EXERCISE INPUTS:
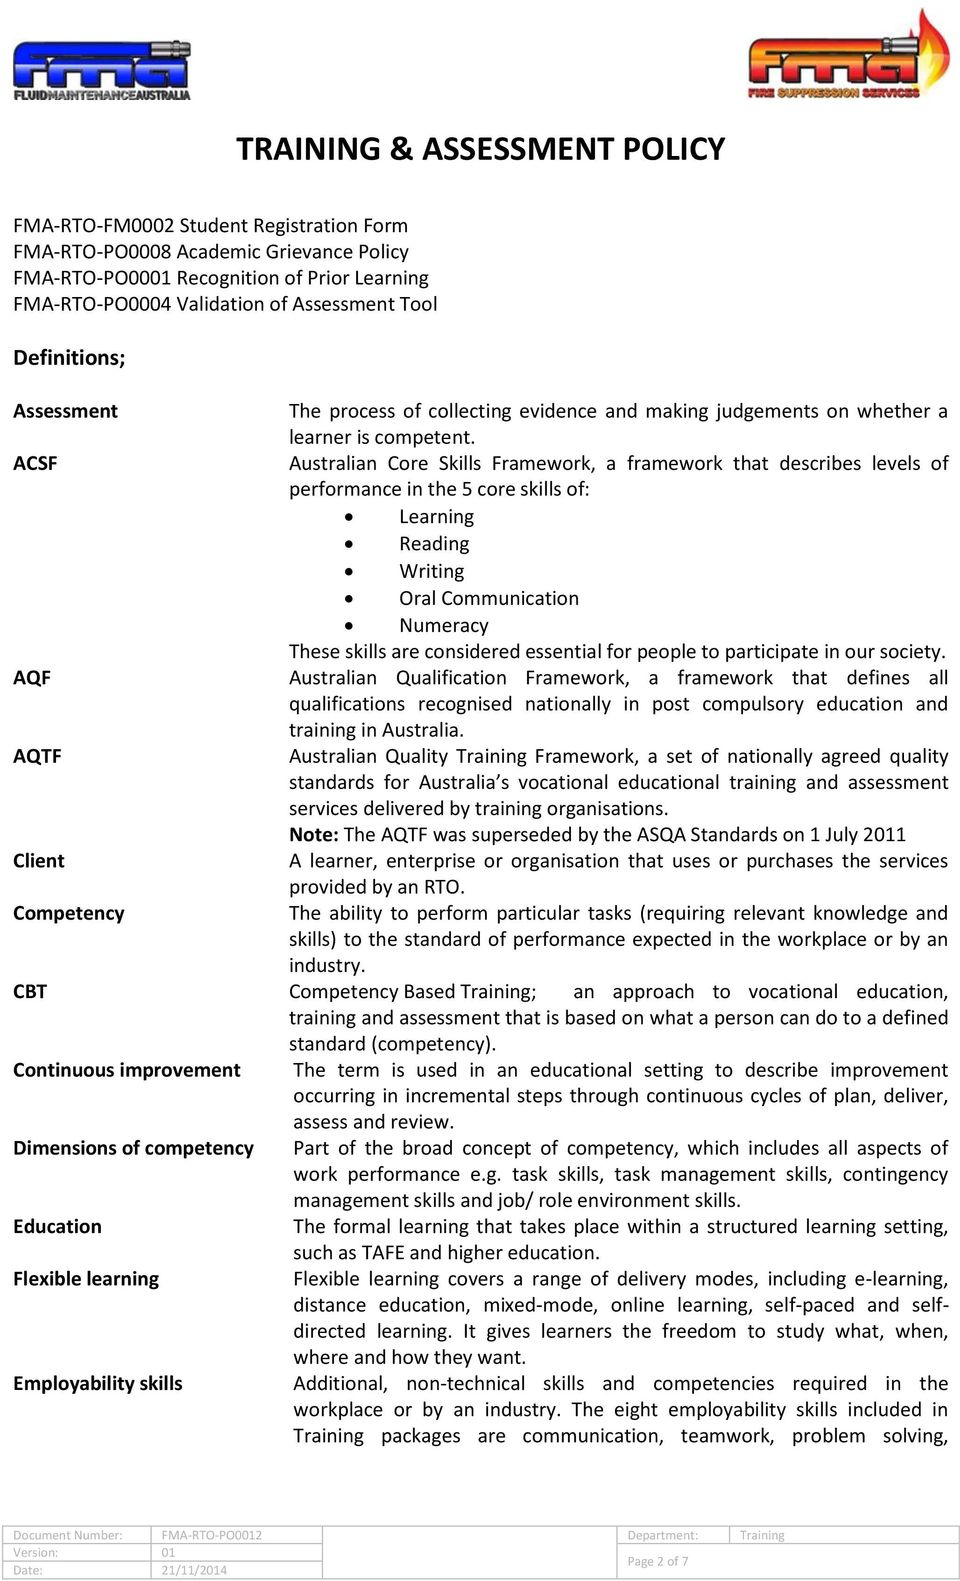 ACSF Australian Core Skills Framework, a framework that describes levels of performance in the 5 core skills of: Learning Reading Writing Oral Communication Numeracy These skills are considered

...

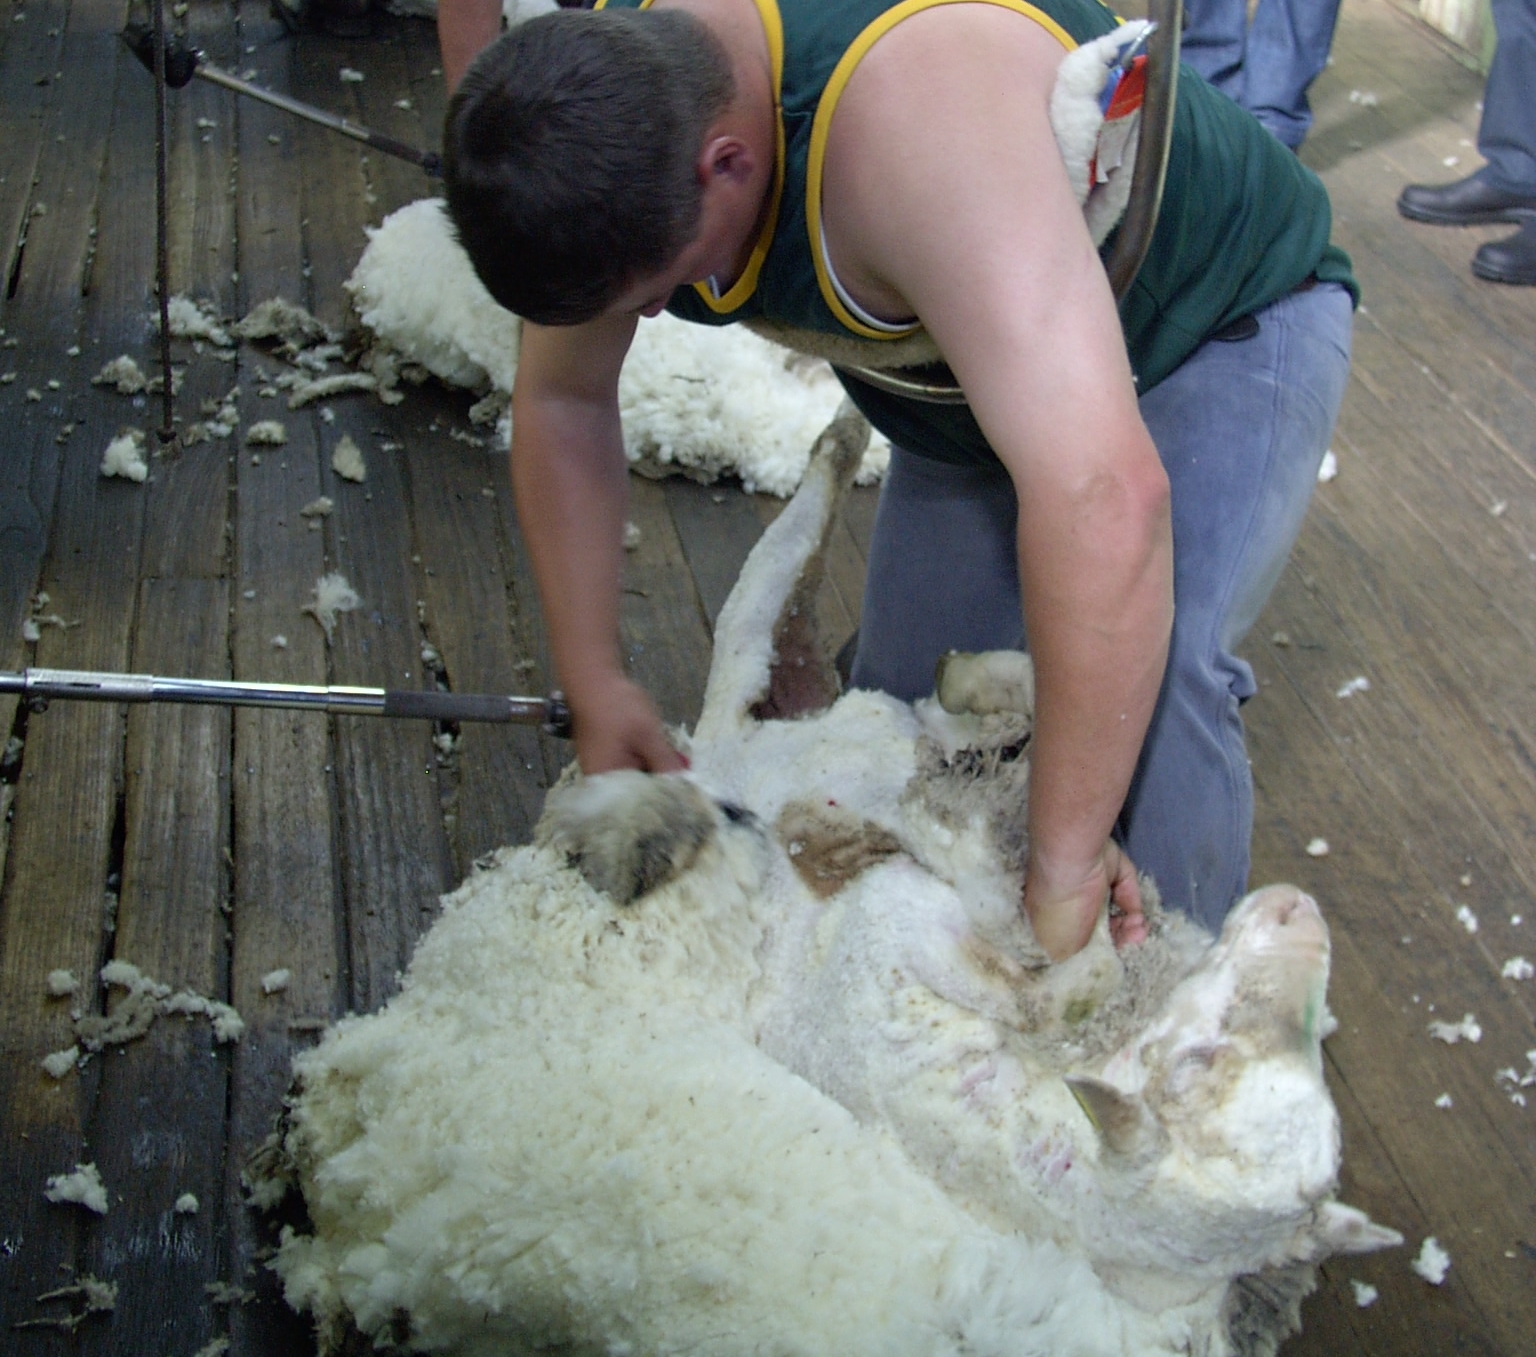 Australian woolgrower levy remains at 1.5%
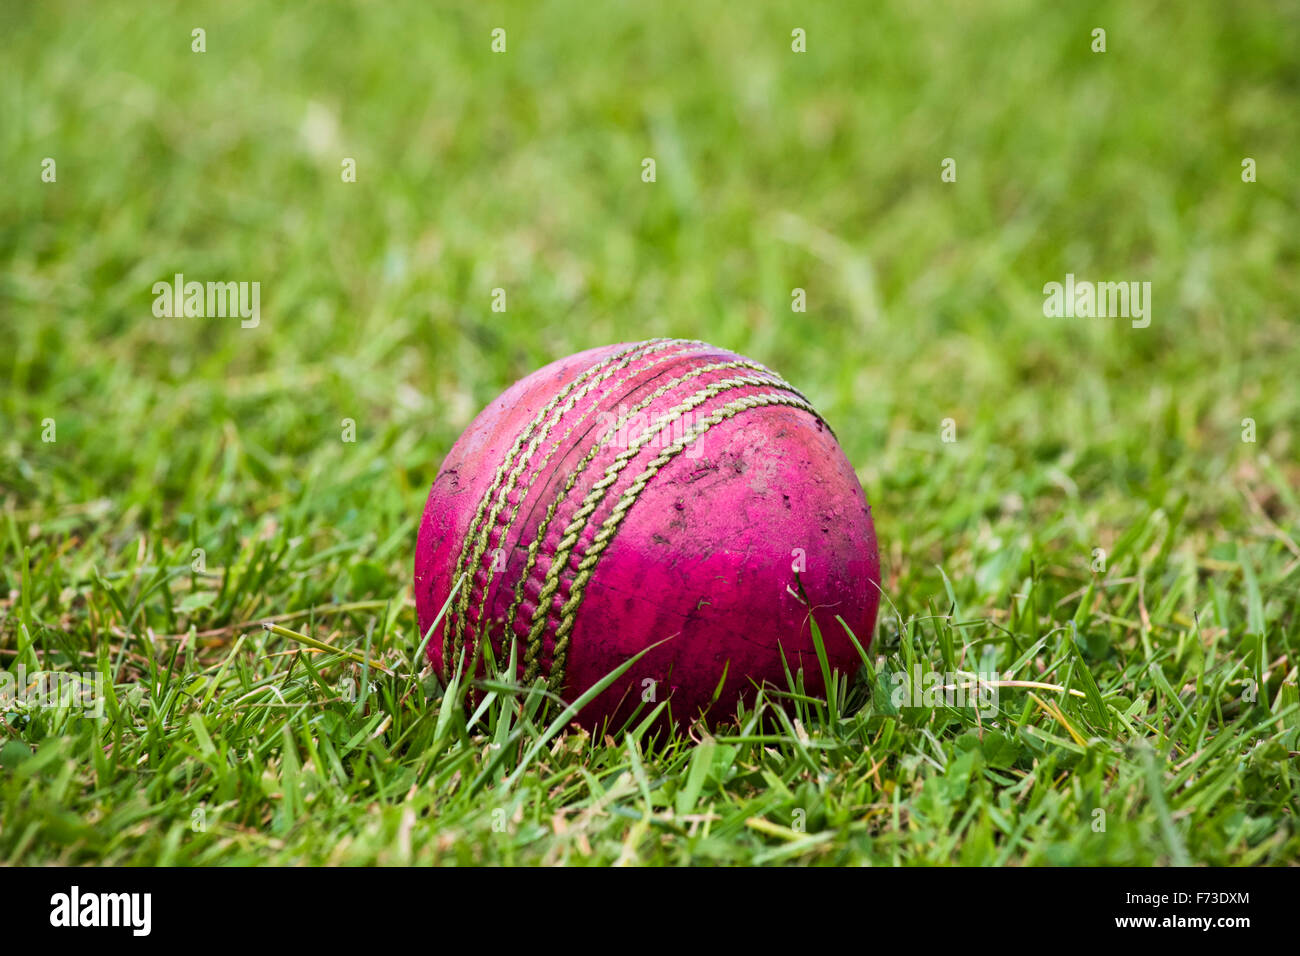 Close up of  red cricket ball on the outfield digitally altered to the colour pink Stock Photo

TASK REQUIREMENTS:
Output exactly the lines of the listing above that start with the one holding "Australian woolgrower levy remains at 1.5%" and go on through the one holding "Close up of"; leave the pictures out.

ANSWER SECTION:
 Australian woolgrower levy remains at 1.5%
 Close up of  red cricket ball on the outfield digitally altered to the colour pink Stock Photo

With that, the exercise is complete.